Within a few months of arriving, all but three of his men had been killed. Shortly after that, the island was taken over by the Allies, and the Japanese had been defeated. Due to the lack of communication devices and contact with the chain of command, Onada and his men continued to fight a guerrilla style war until he finally surrendered in 1974, some 30 years later, to President Ferdinand Marcos. Amazingly, he appeared in his original uniform with his family sword and much of his original gear still functional!
While none of us expect to find ourselves in this unique situation, what is exceptionally notable about Hiro Onada was his devotion to duty. What would it look like today if we as Christians, had the devotion and duty to our Lord and Savior as Hiro had to his Japanese code of honor and discipline?
All of man’s actions are dictated by desire.

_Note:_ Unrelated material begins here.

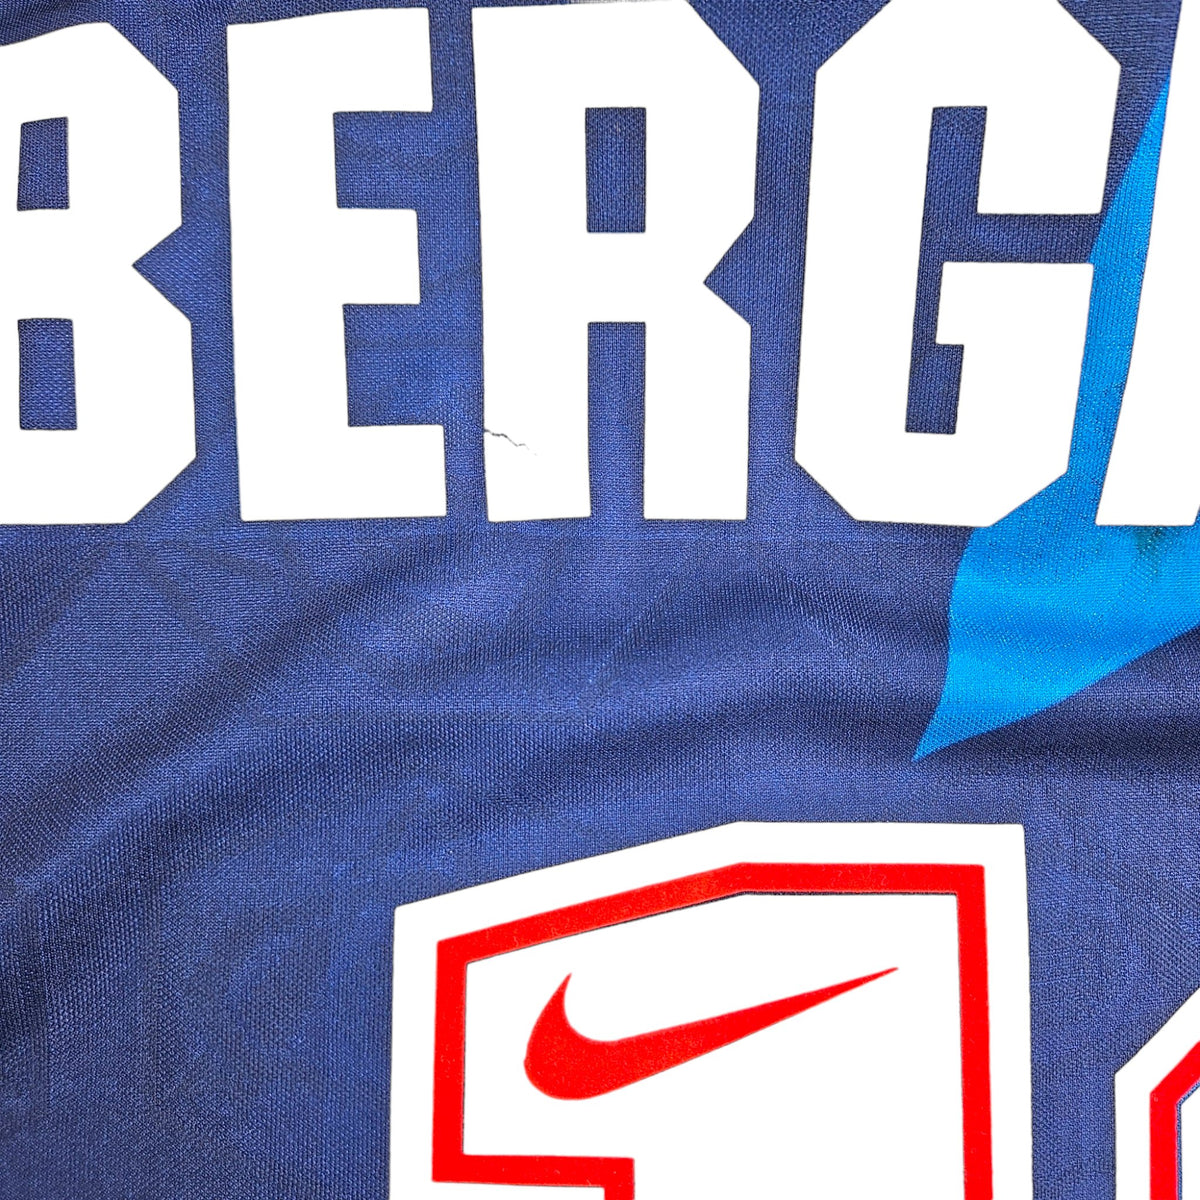 1995/96 Arsenal Away Football Shirt (XL) Nike #10 Bergkamp - Football Finery - FF203719

The same is true for Christians. The difference between Christians and non-Christians is God’s grace in changing our desires by changing our heart. True devotion to God is a state of the heart which fills our mind. It is that state of the will in which everything–our whole life, and being, and possessions, are a continual offering to God. This spirit of devotion will make the most constant cares and the most pressing problems into the means of the deepest and most constant communion with God. The more constant and pressing our duties are, if they are performed for God, the deeper and more non-stop is our communion with Him. Whatever is done in a spirit of devotion is communion with God. Let us always remember, “whatsoever ye do, do it heartily, as to the Lord, and not unto men.”